Location
- 625 Fir Street Butte Falls, Jackson County, Oregon 97522 United States 42°32′30″N 122°34′01″W﻿ / ﻿42.541768°N 122.566904°W

Information
- Type: Public
- School district: Butte Falls School District
- Superintendent: Rich Sullivan
- Principal: Deidre Pearson
- Grades: 8-12
- Enrollment: 40
- Colors: Green and white
- Athletics conference: OSAA Mountain Valley League 1A-5
- Mascot: Logger

= Butte Falls Secondary School =

School in Oregon

Butte Falls Secondary School is a public high school in Butte Falls, Oregon, United States.

==Academics==
In 2025, 100% of the school's seniors received their high school diploma. Of 10 students, 7 graduated, 0 dropped out, and three received a modified diploma.
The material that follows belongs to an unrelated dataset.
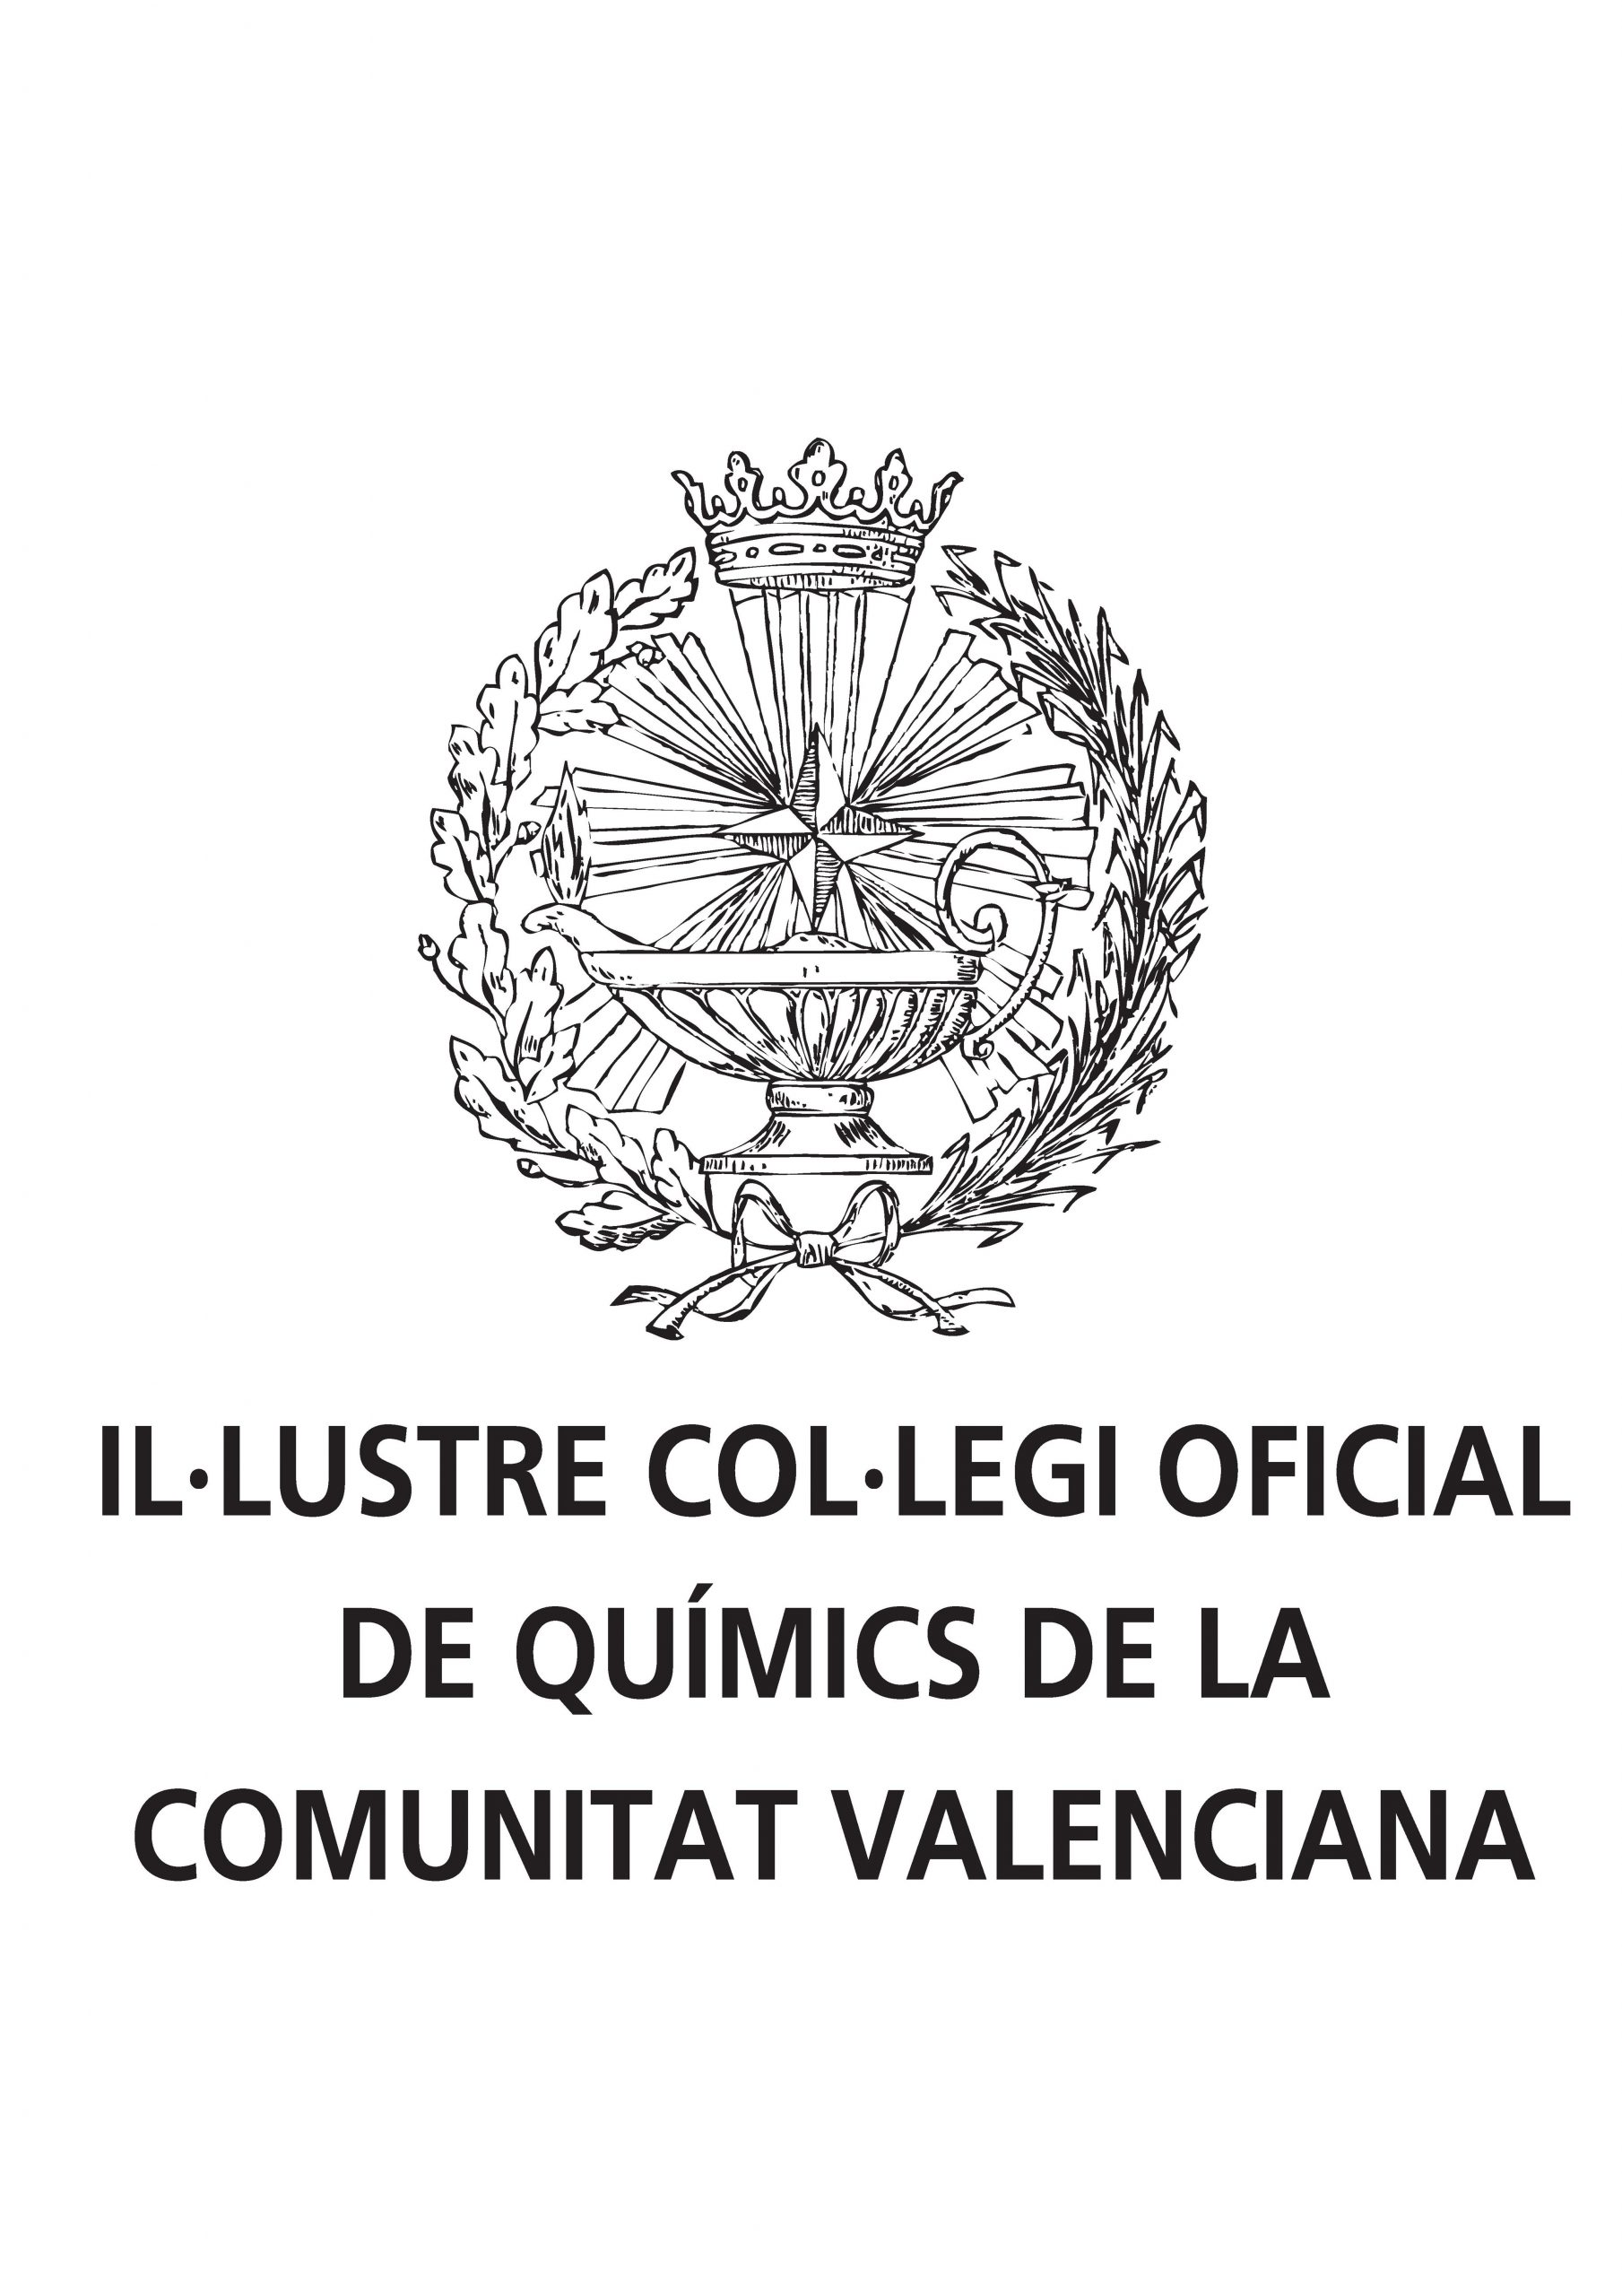 Ilustre Colegio Oficial de Químicos de la Comunidad Valenciana

== Natural Resource Center ==
All students who attend Butte Falls Charter School are able to actively participate in programs that are offered at the Natural Resource Center (or NRC). This center was once a state-run fish hatchery, that has since been converted into a plethora of outdoor learning opportunities for students of all ages. Annually, the NRC hosts a Fall Festival of Learning around the end of September and an annual Earth Day Celebration in the middle of April. Both events feature secondary school students teaching and leading primary students. The facility is overseen by high school science and social science teacher, Ben DeCarlow.